● TASK REQUIREMENTS:
What needs reproducing is the run of lines in the data below starting at the line with "Nautica N83, Reloj" and ending at the line with "Los haces de", both ends included. Copy it exactly, without pictures, and add nothing.

● THE DATA:
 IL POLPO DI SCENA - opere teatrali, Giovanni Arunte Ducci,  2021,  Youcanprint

* * *

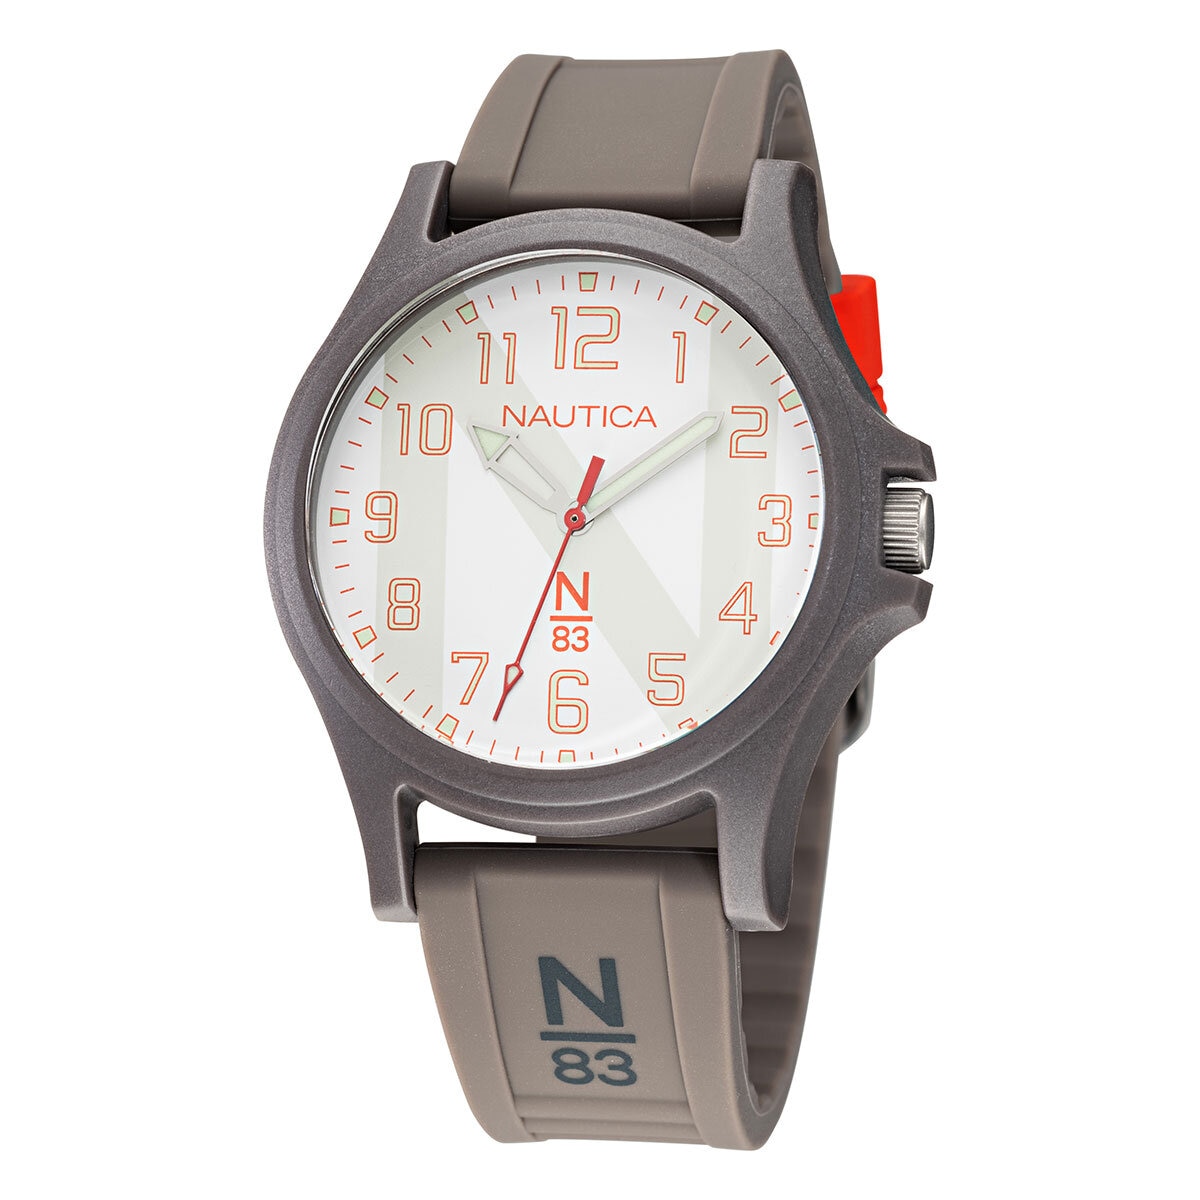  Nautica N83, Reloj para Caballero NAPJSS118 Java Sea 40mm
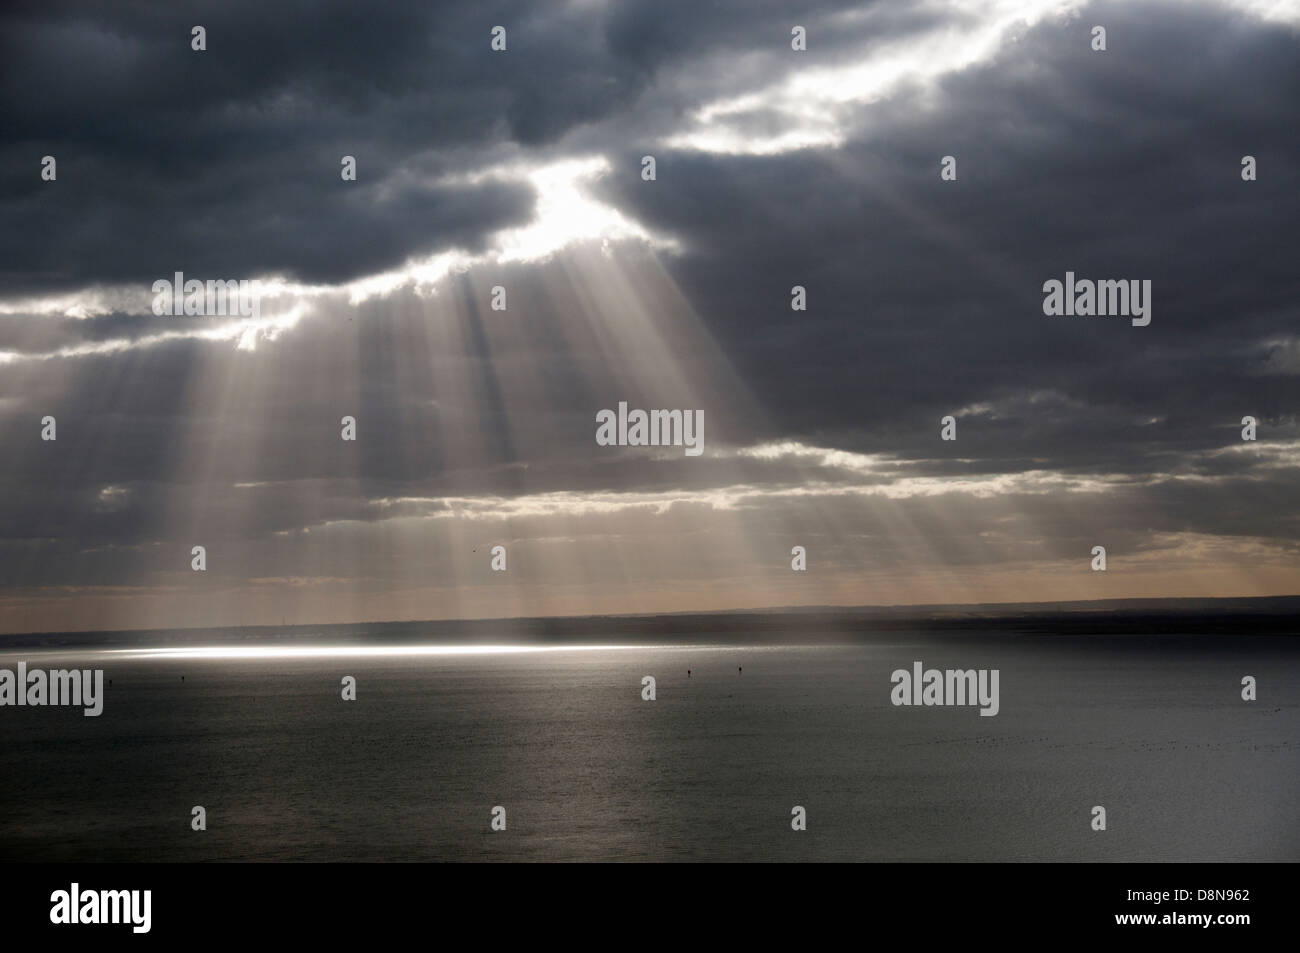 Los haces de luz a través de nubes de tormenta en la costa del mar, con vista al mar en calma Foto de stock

● EXERCISE OUTPUT:
  Nautica N83, Reloj para Caballero NAPJSS118 Java Sea 40mm
 Los haces de luz a través de nubes de tormenta en la costa del mar, con vista al mar en calma Foto de stock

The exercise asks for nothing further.